Let E be a (Mitchell-Steel) extender over some M. Recall that the natural length of E, $\nu_E$, is the strict sup of the generators of E and $\kappa^{+M}$. It is claimed in both "Fine structure and iteration trees" and Steel's handbook article that if the natural length is a limit ordinal then it's also a cardinal in both M and in the ultrapower of M by E.

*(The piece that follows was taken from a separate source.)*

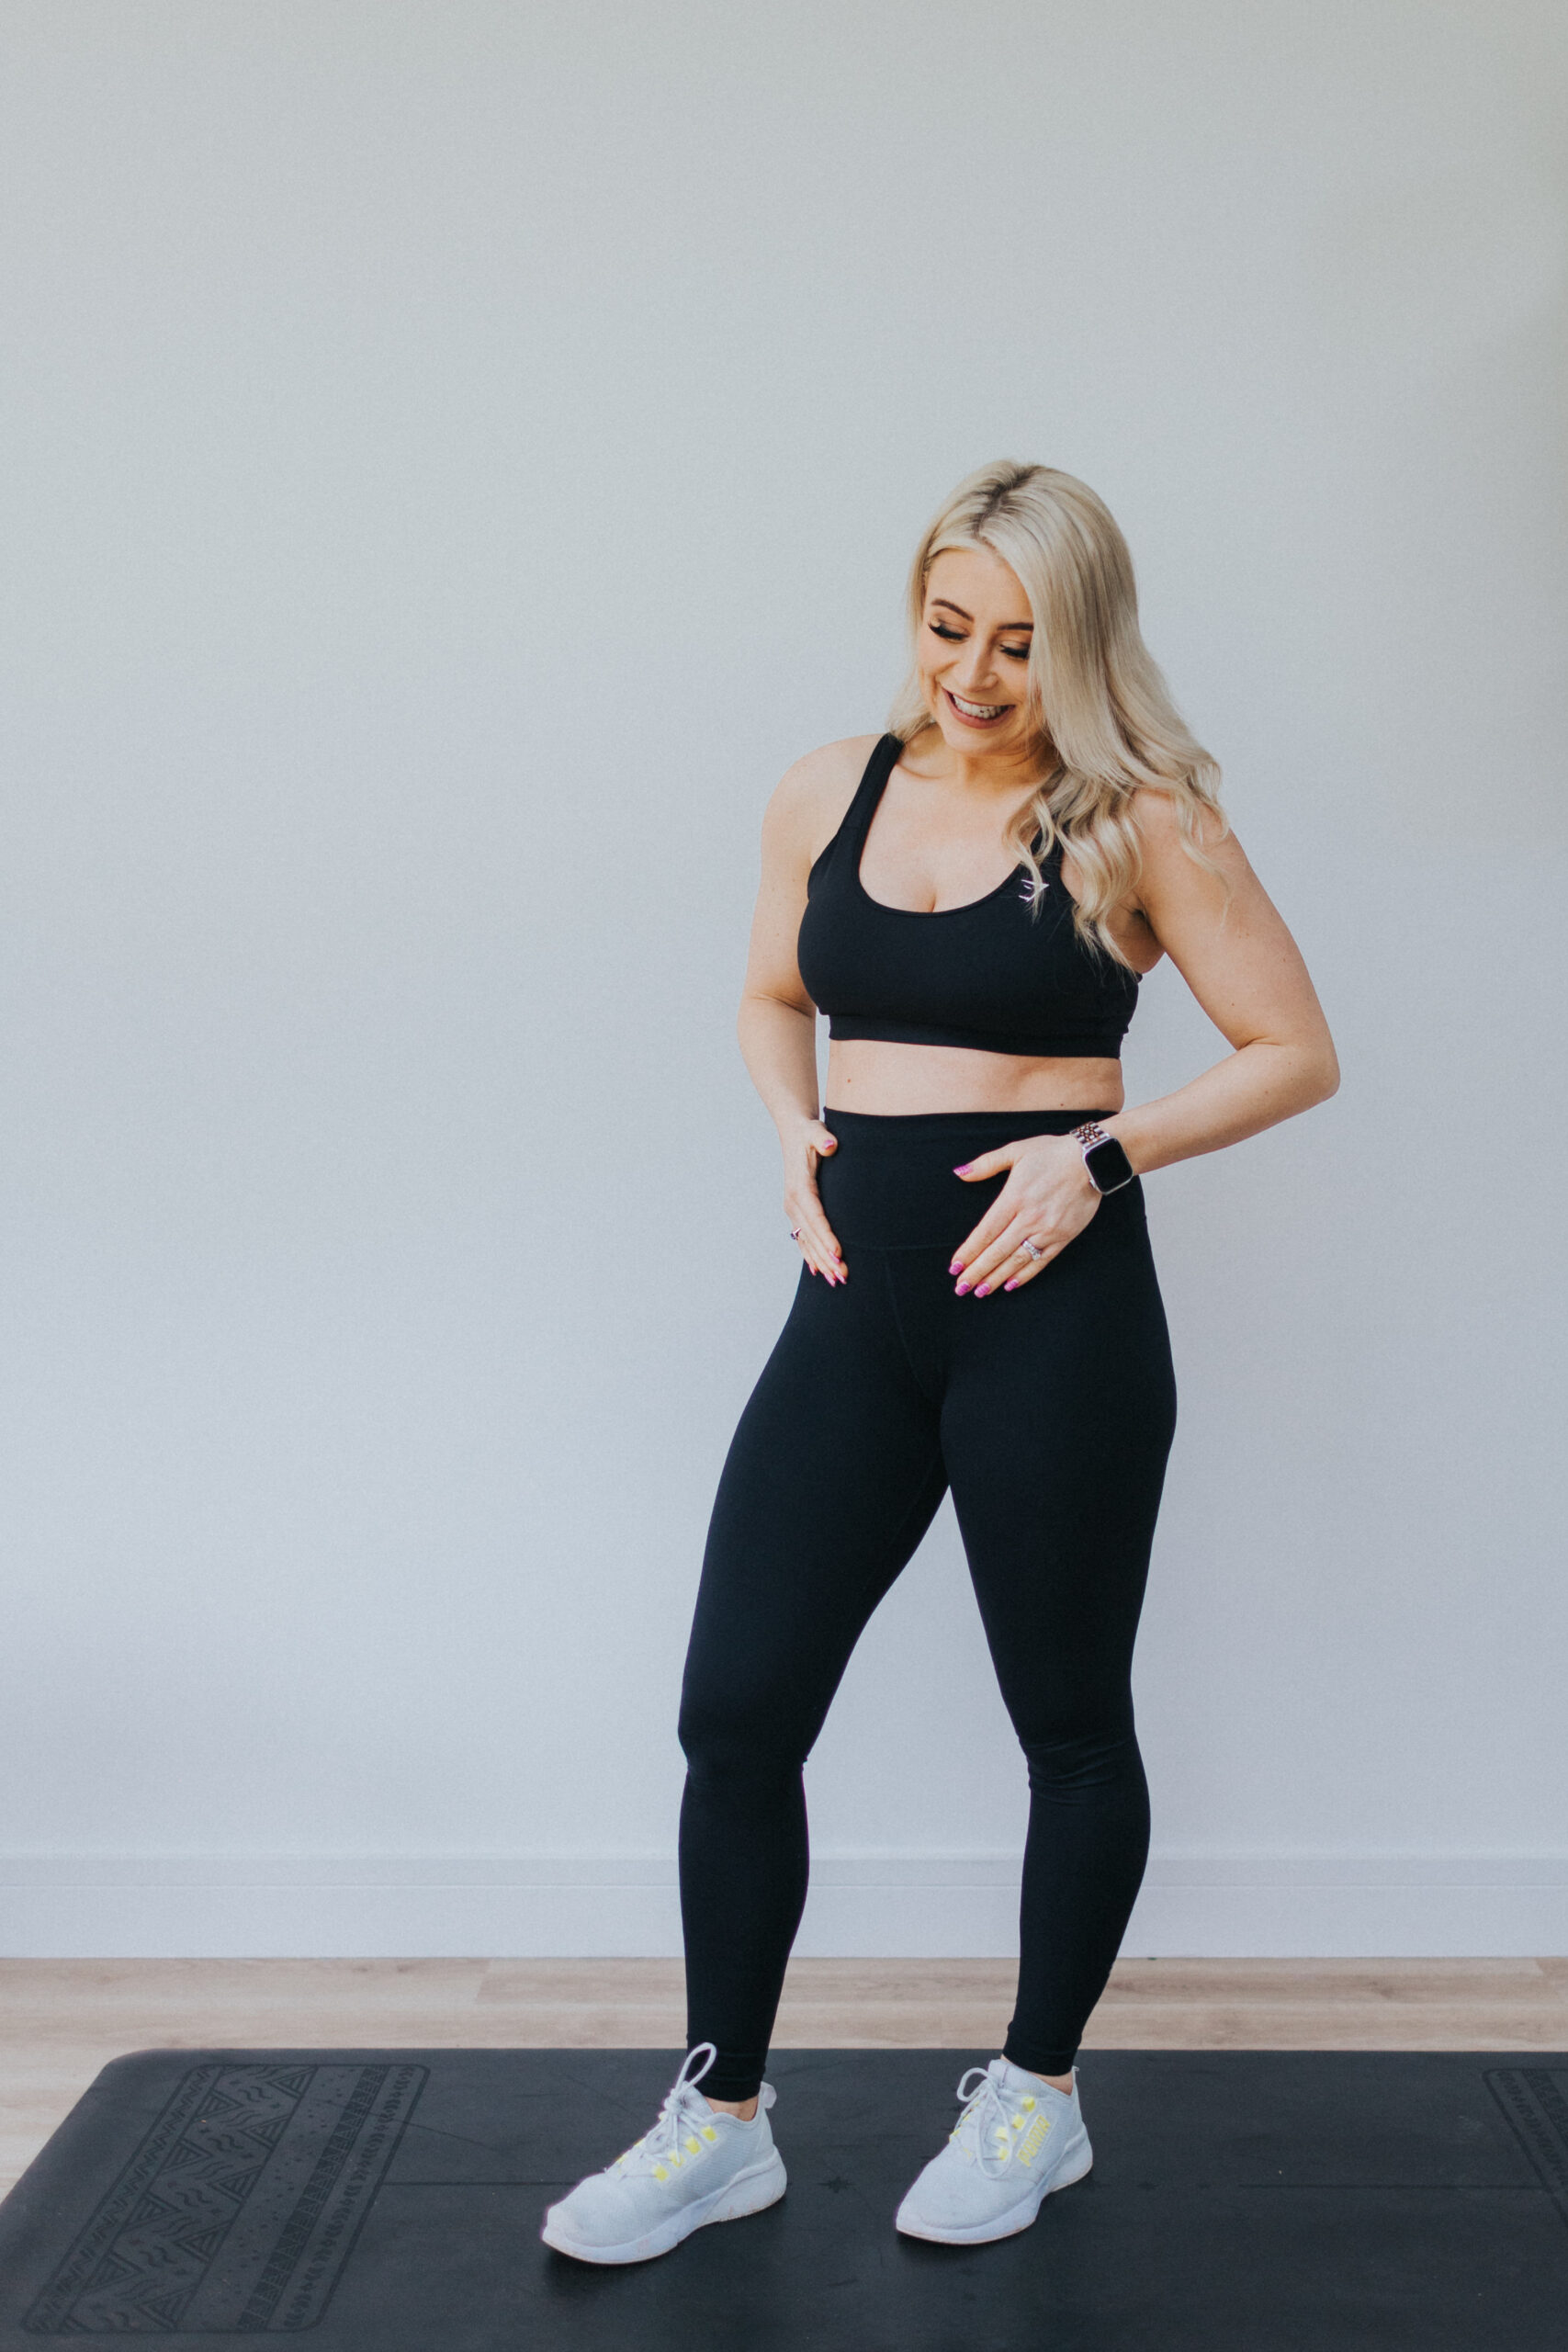 Pre and postnatal training showcased by CharlotteFit

I've been trying to prove this, but the argument eludes me. I suppose you want to use the surjection f witnessing the non-cardinalness of the natural length in M to define some element $[a,f]_E$ of the ultrapower, where $a\subset\nu_E$. But then I get stuck. Steel and Mitchell claim that it's an easy argument, so I hope I'm only missing a minor detail.

Answer 1

it should follow from the fact that generators are critical points. if $ \xi<\nu_E$ is a generator of E then $\xi$ is a critical point of the canonical factor map

$ k: Ult(M, E|\xi)\rightarrow Ult(M, E)$

Let $\alpha$ be the index of $E$, we claim that if $\nu_E$ is a limit ordinal then $J_\alpha^M\models ``\nu$ is a cardinal".

Suppose not and let $f:\eta \rightarrow \nu_E$ be onto and $f\in J_\alpha^M$. It follows that $f\in Ult(J_\alpha^M, E)$ and hence, $f=\pi_E(g)(s)$ for some $s\in \nu_E^{<\omega}$. Let $\xi\in (max(s), \nu_E)$ be a generator. Then

(key fact) $f\in rng(k)$

where $k$ is defined as above. But then $cp(k)=xi$ is not a cardinal in $Ult(J_\alpha^M, E|\xi)$ contradicting the fact that $\xi$ is a generator.